In July, U.S. prosecutors said they had uncovered the largest credit card fraud operation in U.S. history and arrested six men in Russia and Ukraine. See, “4 Russians, 1 Ukrainian Charged in Massive Hacking,” Yahoo News. More than 160 million credit and debit card numbers were stolen, costing the victim companies more than $300 million. The fraud targeted Citigroup, JC Penney, JetBlue Airways, Nasdaq and PNC Financial Services.

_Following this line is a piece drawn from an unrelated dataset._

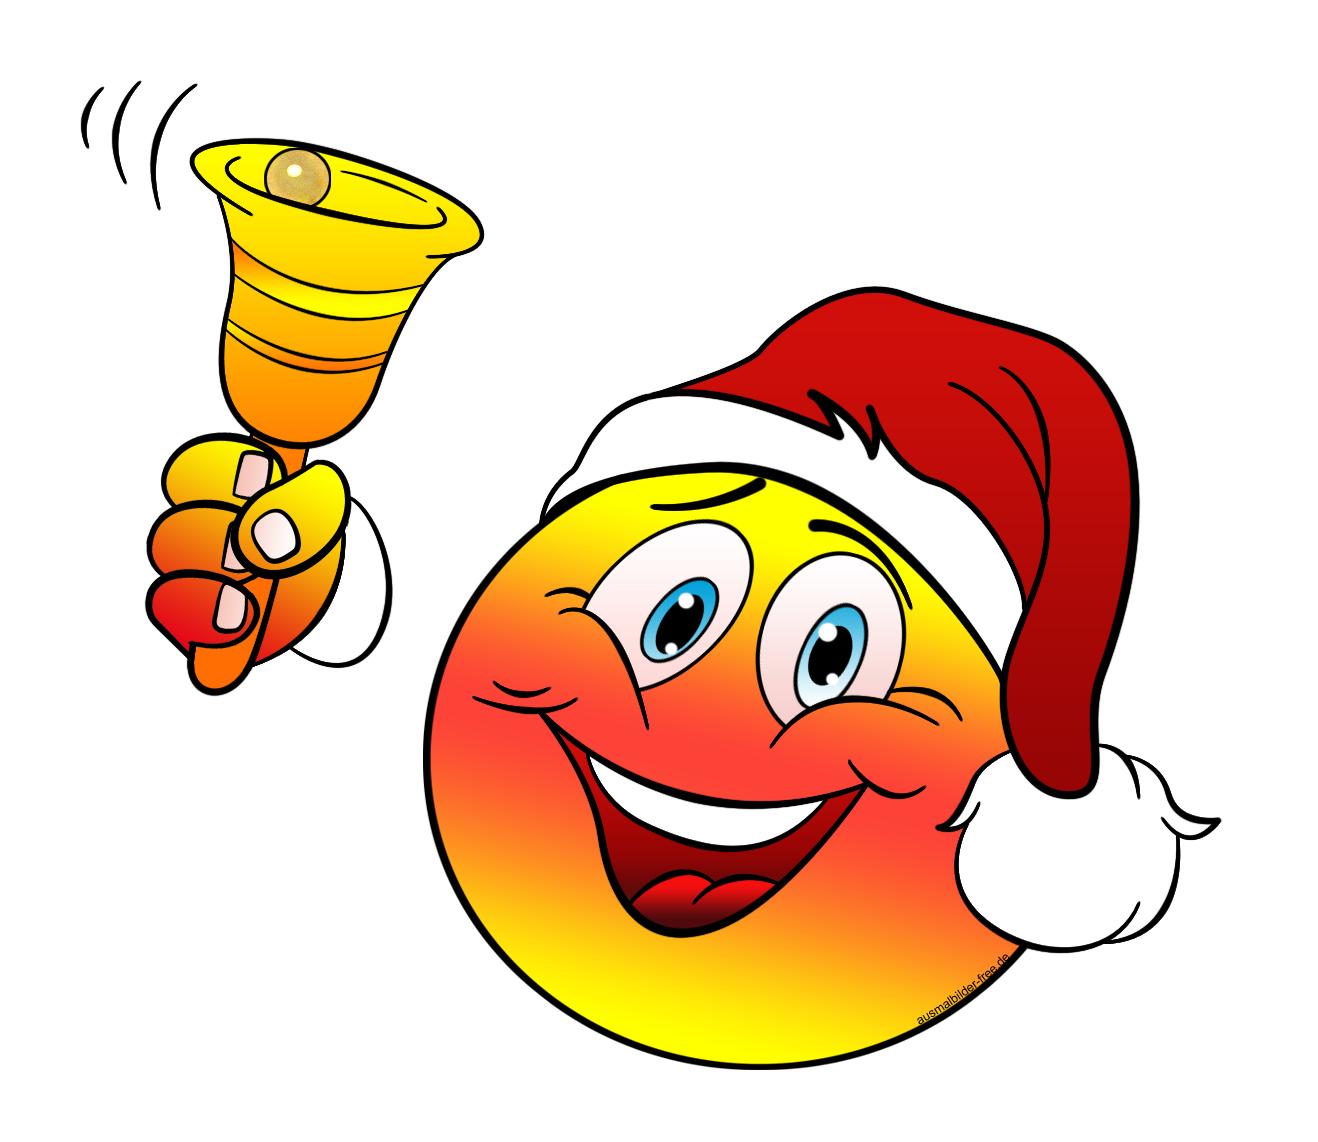 Gratis Ausmalbilder Winter : Http Ausmalbilder Free De Malvorlagen Smileys Winter Karikaturen

It's no wonder that senior in-house lawyers in the recently released Winston & Strawn “International Business Risk Survey” say that their top concern in following data privacy laws is customer data ' including data security and risk.'Tied for second-greatest concern are cross-border data transfer and legal compliance with data security and breach notification laws.

“Interestingly, it is the potential for loss of brand equity that responding corporate counsel identify as their most significant concern,” says Lisa Thomas, a data privacy and protection partner with Winston & Strawn in Chicago. In this sense, they are well-aligned with their business-side colleagues in focusing on reputational risk. “Given this 'external' focus, they should continually re-evaluate the effectiveness of their data-protection policies, procedures, and training, including domestic and cross-border compliance,” Thomas says.